La seconde étude ESCAPAD, réalisée en 2008, montre une diminution globale de la consommation de substances psycho-actives chez les jeunes de 17 ans depuis l'étude de 2005. Elle révèle cependant également une hausse modérée des épisodes de consommation ponctuelle sévère d'alcool : la répétition d'au moins trois épisodes dans le mois progresse de 8 %, passant de 2,2 % à 2,4 %. Dès lors, la conclusion de l'enquête est la suivante : « Cet exercice d'ESCAPAD confirme certaines tendances (...) : reculs importants de la diffusion et des usages du tabac et du cannabis, stabilité voire diminution des ivresses alcooliques. ESCAPAD objective également une diminution des usages réguliers d'alcool. Elle laisse néanmoins apparaître une modeste augmentation des fréquences de consommation d'au moins cinq verres en une occasion. » Les boissons les plus consommées étaient, au moment de la publication du rapport de l'académie de médecine, la bière, les alcools forts et les « prémix » (mélanges sodas-alcools forts), le vin n'arrivant qu'en sixième position. Par ailleurs, on pouvait constater une importante « polyconsommation », associant à l'alcool, pour 35% des personnes interrogées, du cannabis, et pour 10% des médicaments.

Des comportements préoccupants mais stables ou en légère augmentation sur cinq ans : telles sont donc les données fournies par les enquêtes ESCAPAD.

Il convient toutefois de souligner que ces données concernent des jeunes mineurs et non les étudiants, en général majeurs, qui font l'objet de la proposition de loi ; si, selon l'ANPAA , ces données constituent une bonne indication des comportements adoptés par ces mêmes jeunes une fois dans l'enseignement supérieur, elles ne peuvent se substituer à une étude plus directe de ceux-ci.

Dans ce contexte, les données fournies par une étude récente du CREDOC , réalisée en 2010 à la demande des associations Prévention Routière (APR) et Assureurs Prévention (AP) auprès de 267 associations étudiantes, et intitulée « L'organisation des soirées étudiantes et la prévention des risques routiers.
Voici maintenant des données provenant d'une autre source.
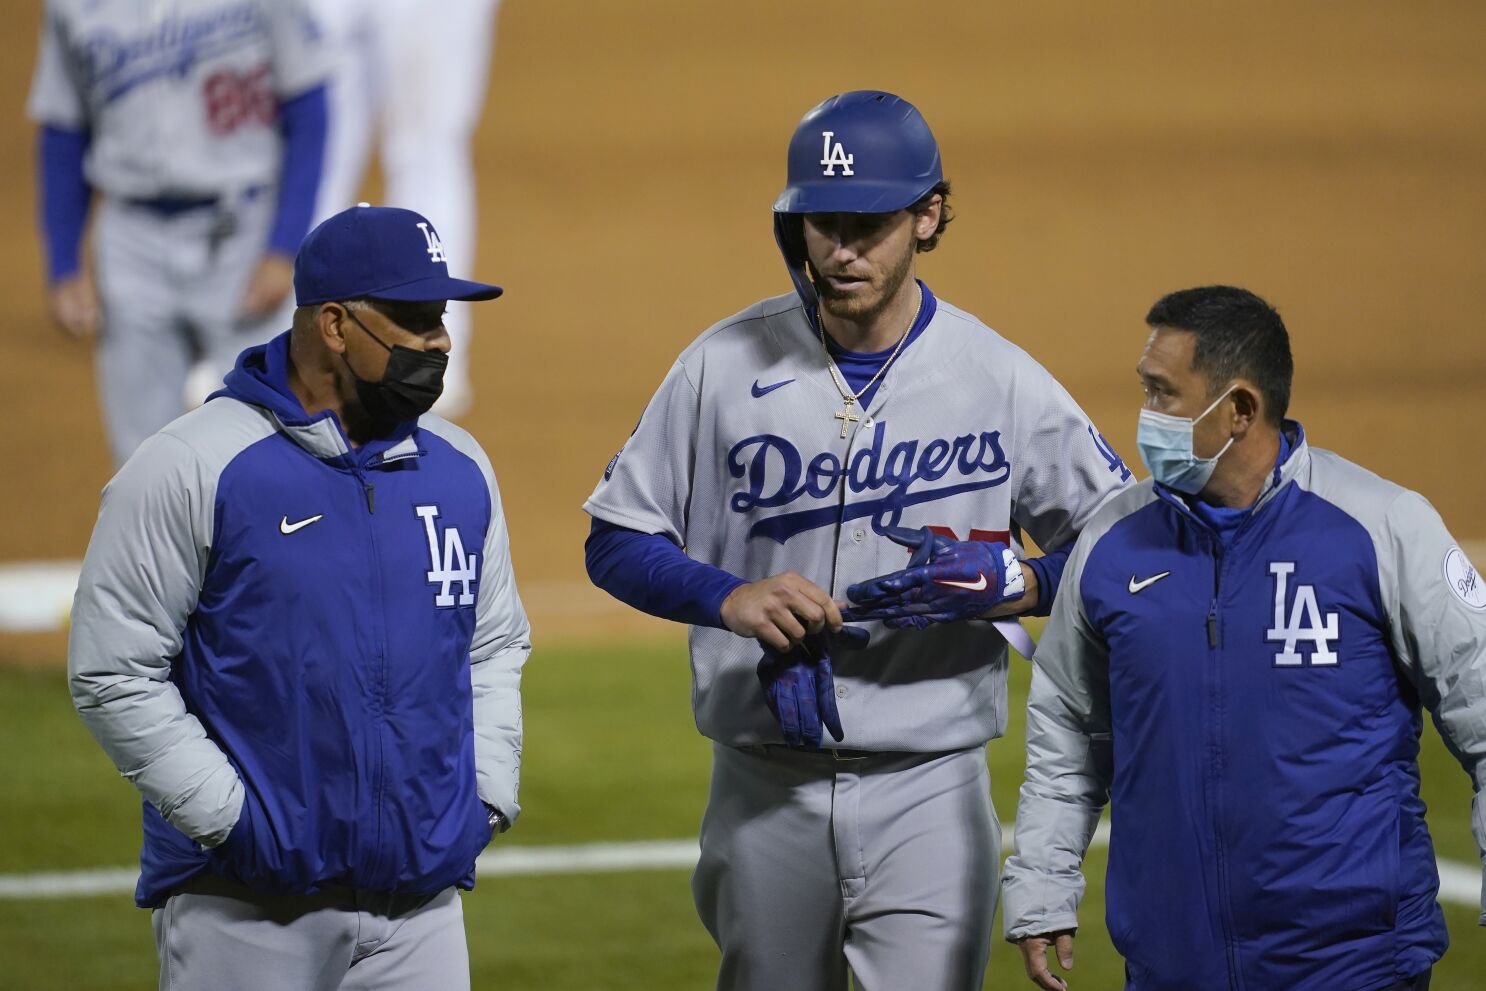 Cody Bellinger called up to make major league debut with Dodgers

Le comportement des organisateurs de soirées étudiantes », s'avèrent précieuses.

Les conclusions de cette étude, centrée sur les actions de prévention menées par les étudiants, sont nuancées. Si le CREDOC ne nie pas que la consommation d'alcool est parfois très importante lors de ces événements 2 ( * ) , il souligne certaines exagérations : « Il y a quelque temps déjà, les soirées étudiantes défrayaient la chronique. Une vague d'indignation médiatique puis politique pointait du doigt les pratiques de quelques grandes écoles : soirées décrites comme d'immenses beuveries, où l'alcool gratuit coulait à flot. Ces soirées existent encore, malgré la loi de 2006 interdisant les open bars, mais elles sont marginales. Ce que nous disent les organisateurs de soirées étudiantes dans cette enquête s'écarte sensiblement de la caricature. Certes leurs pratiques mériteraient une meilleure régulation, mais à l'heure où se développent, loin du spectre des alcooliers d'ailleurs, de nouvelles formes difficilement contrôlables d'incitations à la consommation d'alcool (apéros géants, groupes facebook, challenges sur youtube), les associations étudiantes constitueraient plutôt un rempart contre la déresponsabilisation totale ».
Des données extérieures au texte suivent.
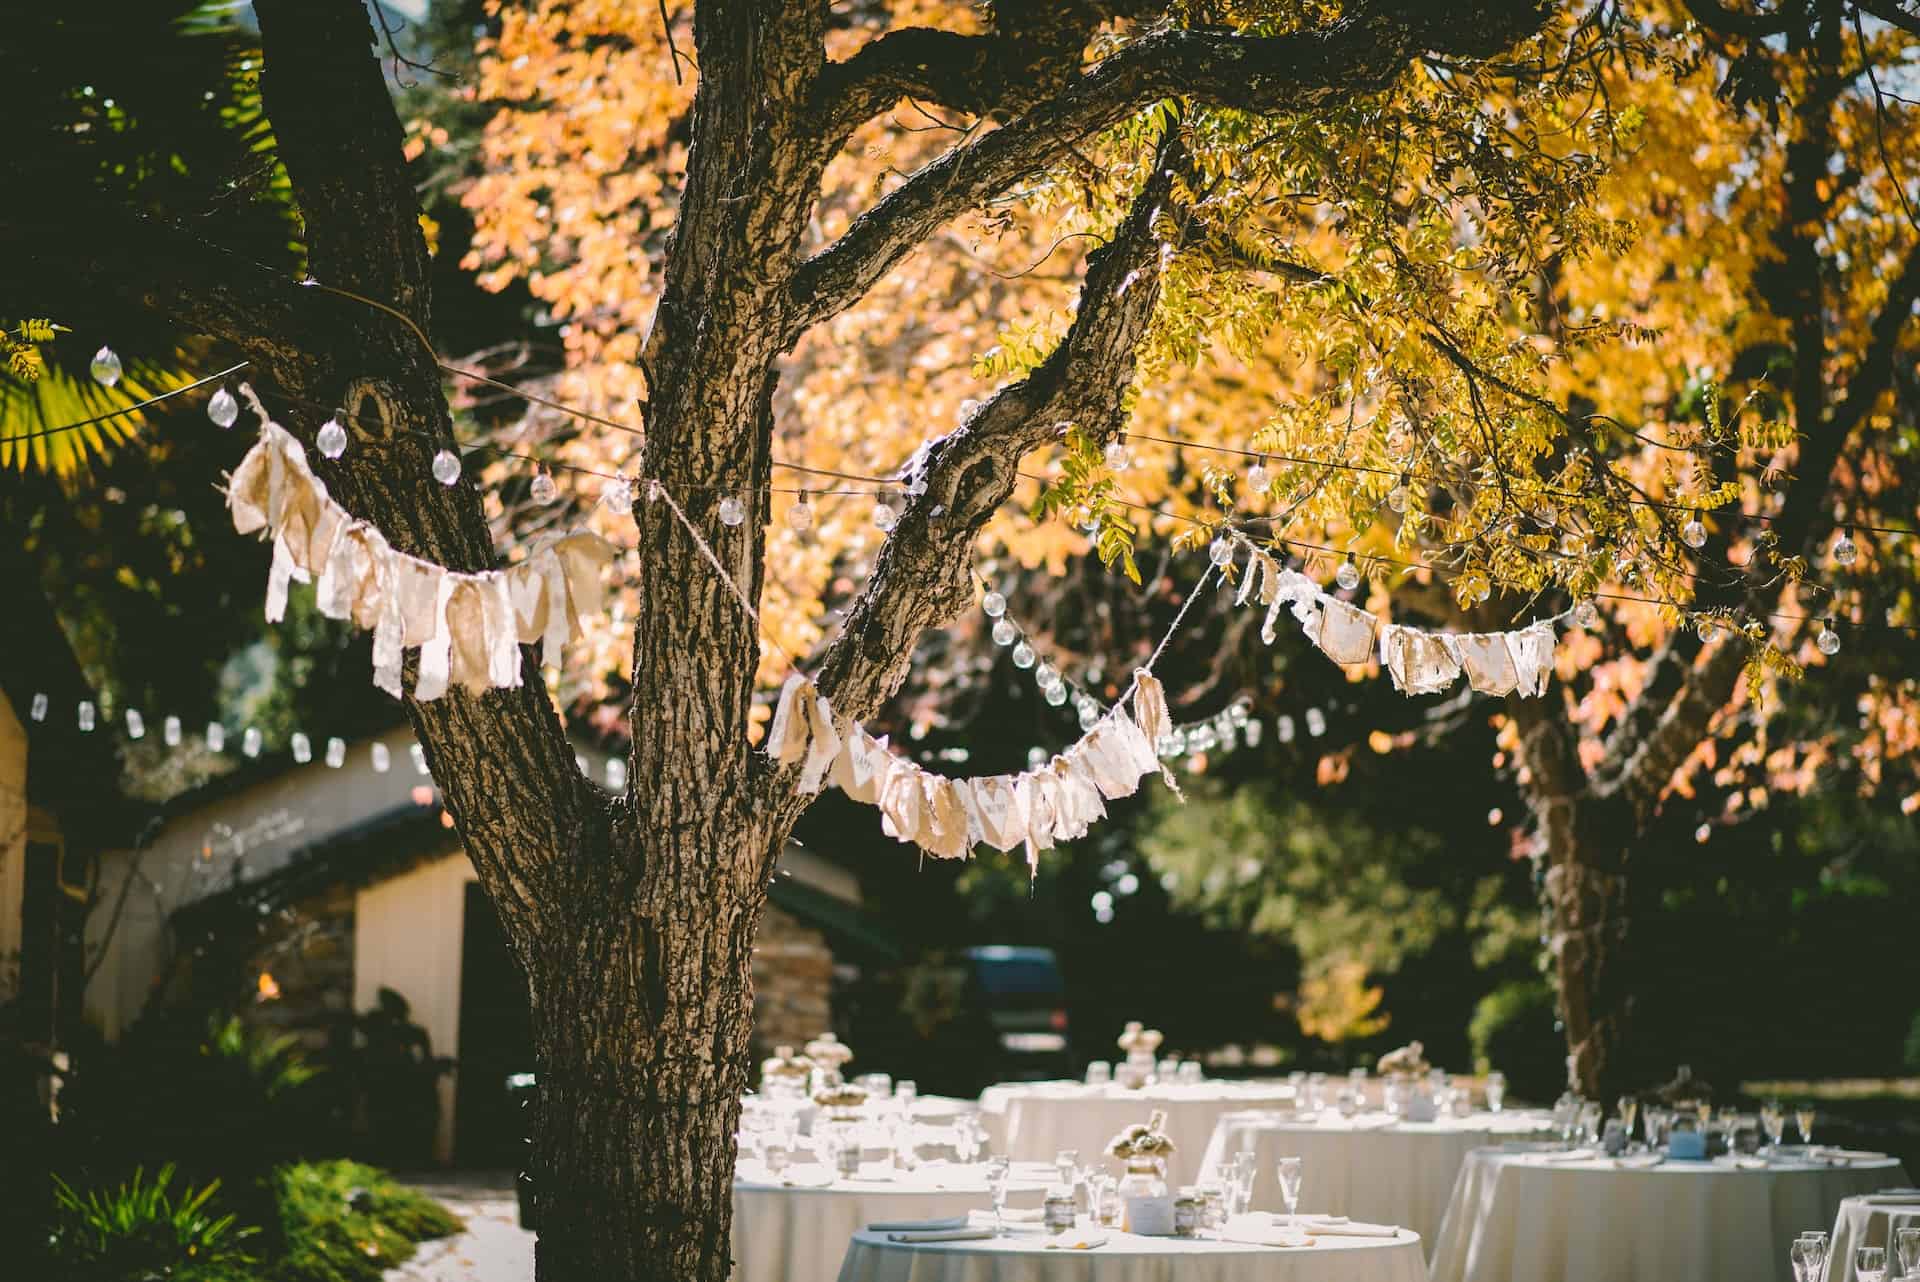 Bridal Shower Decorations That Will Wow Your Guests

Toutefois, l'étude souligne également un important déficit d'actions de prévention de la part des organisateurs de soirées étudiantes .


* 1 Evolution des conduites d'alcoolisation des jeunes : motifs d'inquiétude et propositions d'action, 5 juin 2007.
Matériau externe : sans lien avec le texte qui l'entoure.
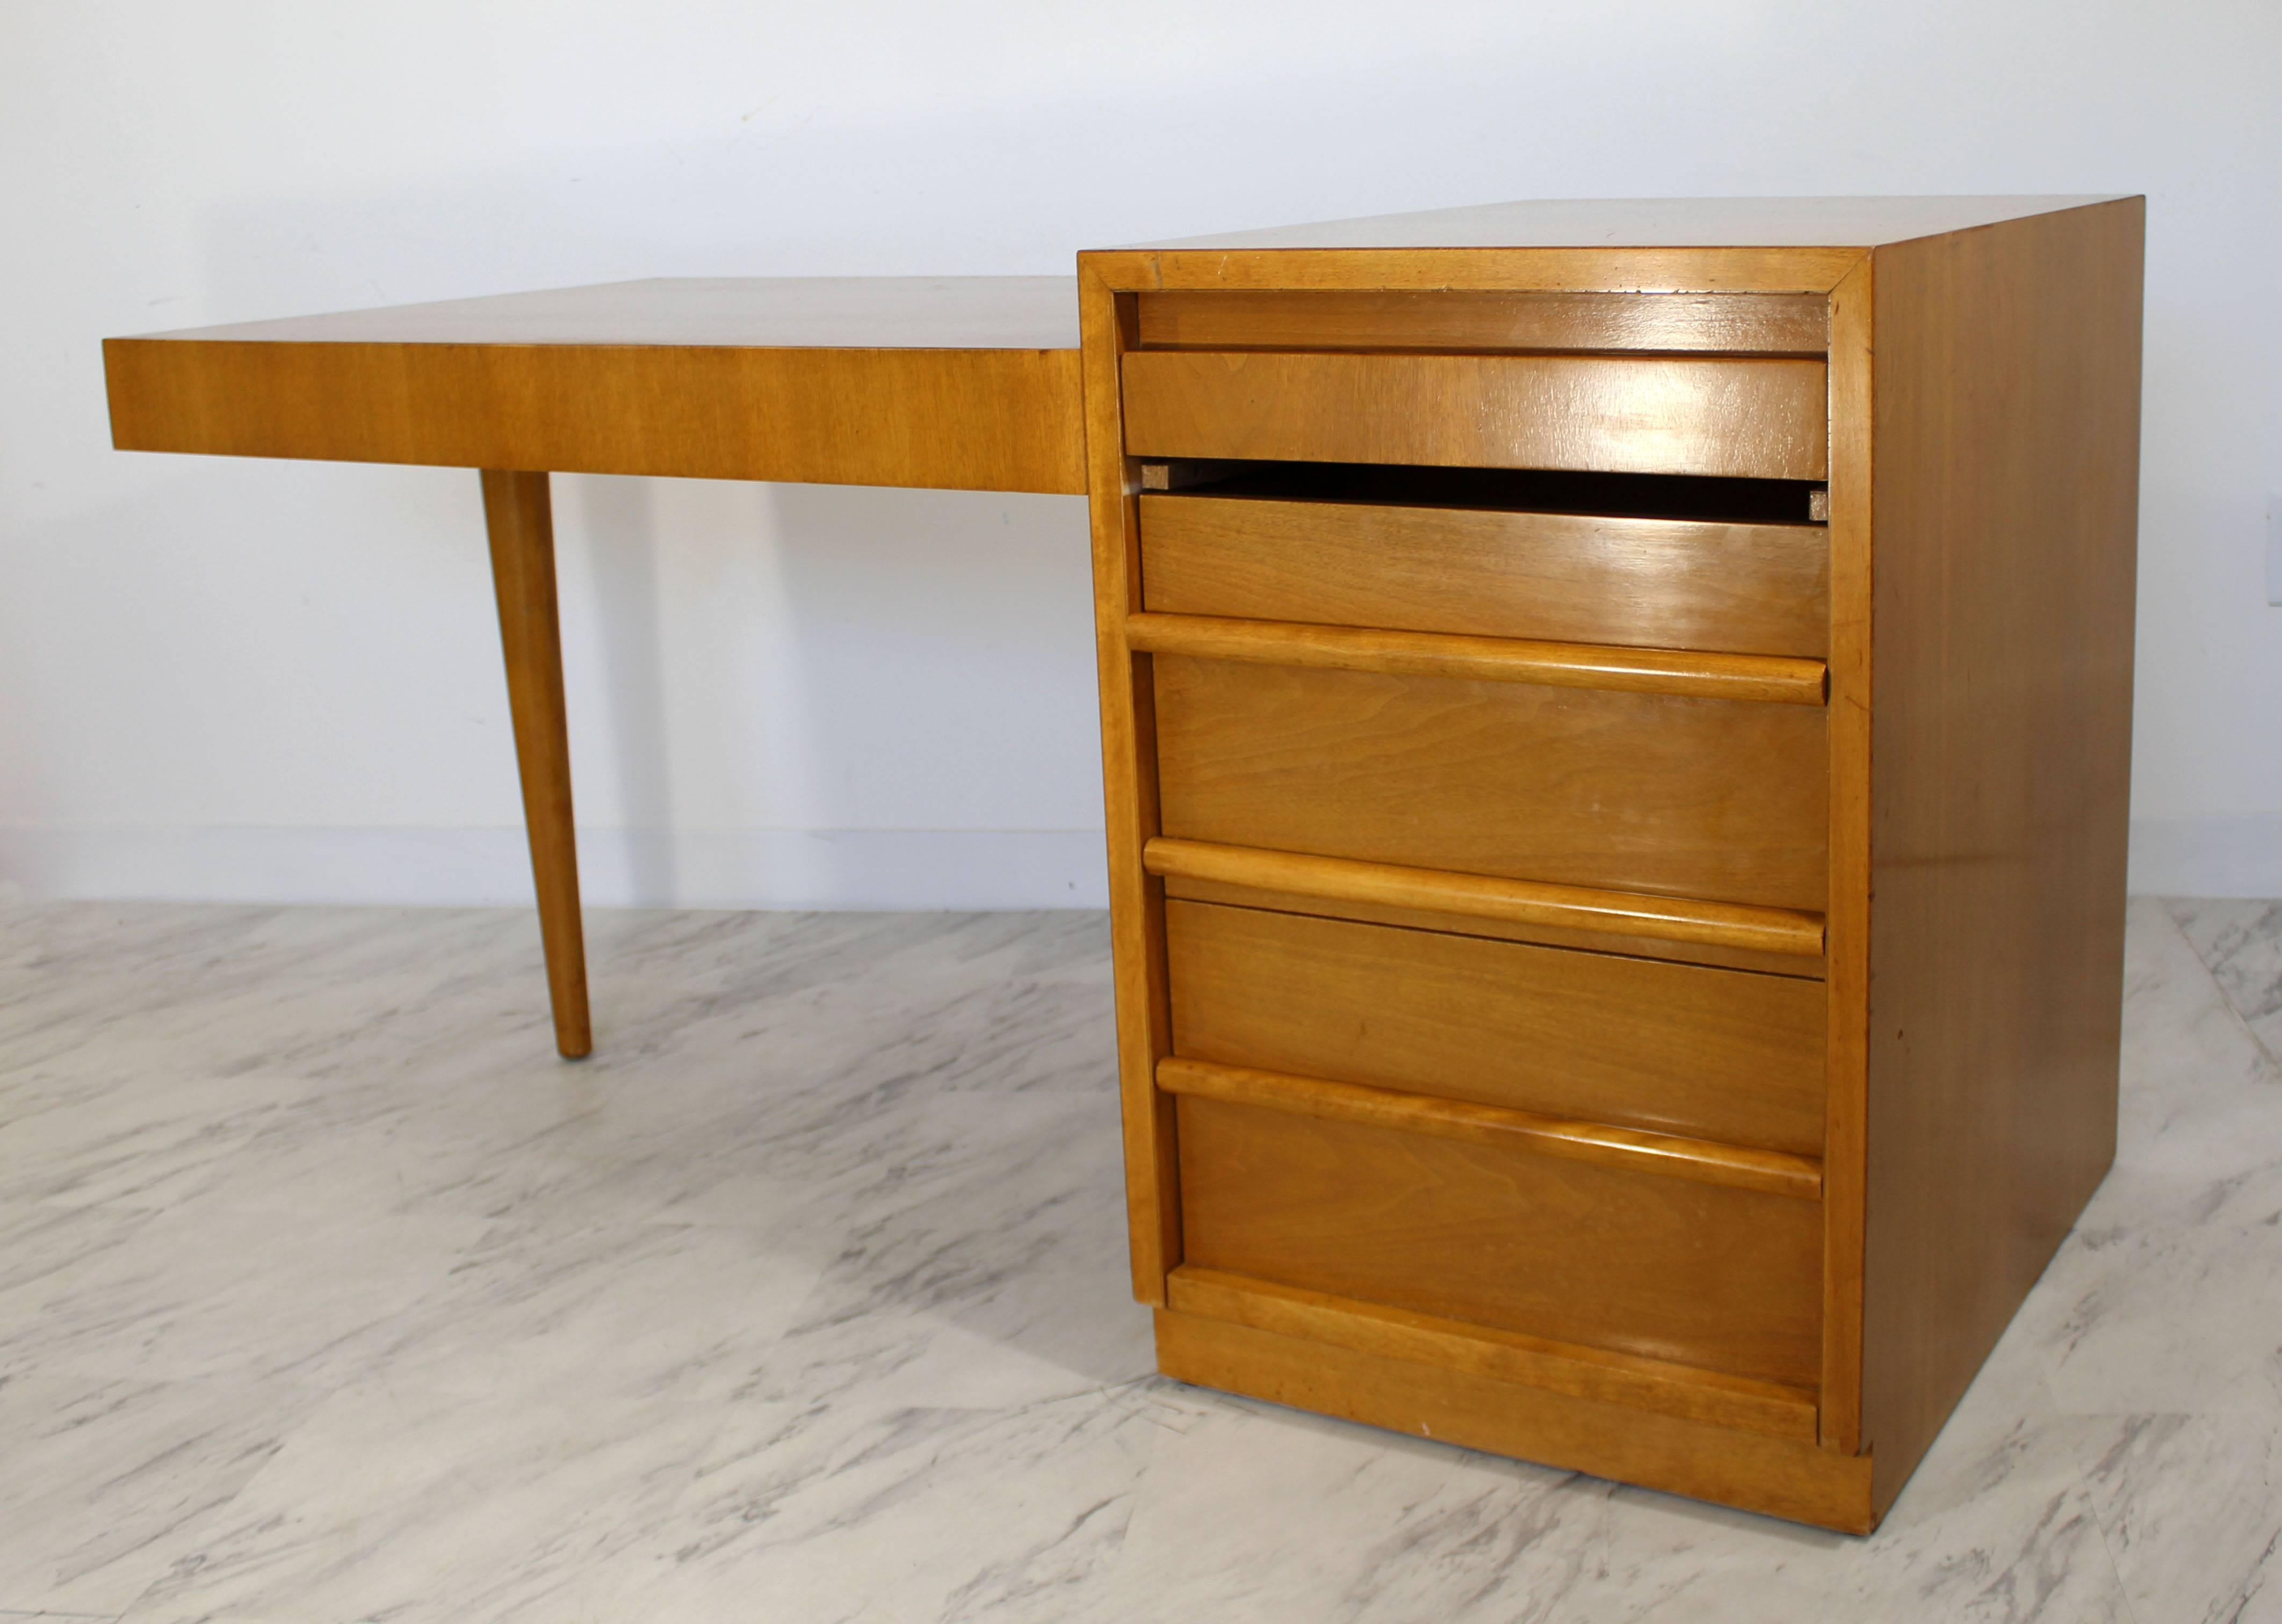 For your consideration is a rare sturdy and stunning, Cantilever walnut desk, with four, utilitarian compartment drawers. This unique legged desk was designed by T.H. Robsjohn-Gibbings for Widdicomb in the 1950s. The dimensions are 60" (5') W x

* 2 « Lorsque les étudiants connaissent les quantités commandées, les comportements sont là encore diversifiés : la moitié des associations compte au plus trois consommations d'alcool fort par personne, la moitié également au plus 3 consommations d'autres alcools. Une autre moitié compte de 4 à 5 consommations d'alcool fort par personne, 3% en compte plus de 5... Lorsque l'on somme les commandes d'alcool forts et d'autres alcools, le total par personne est souvent élevé : 30% des 77 organisateurs gérant les commandes, proposant des alcools forts et non forts et sachant quelle quantité est commandée, prévoient au total, au moins 8 consommations par personne ».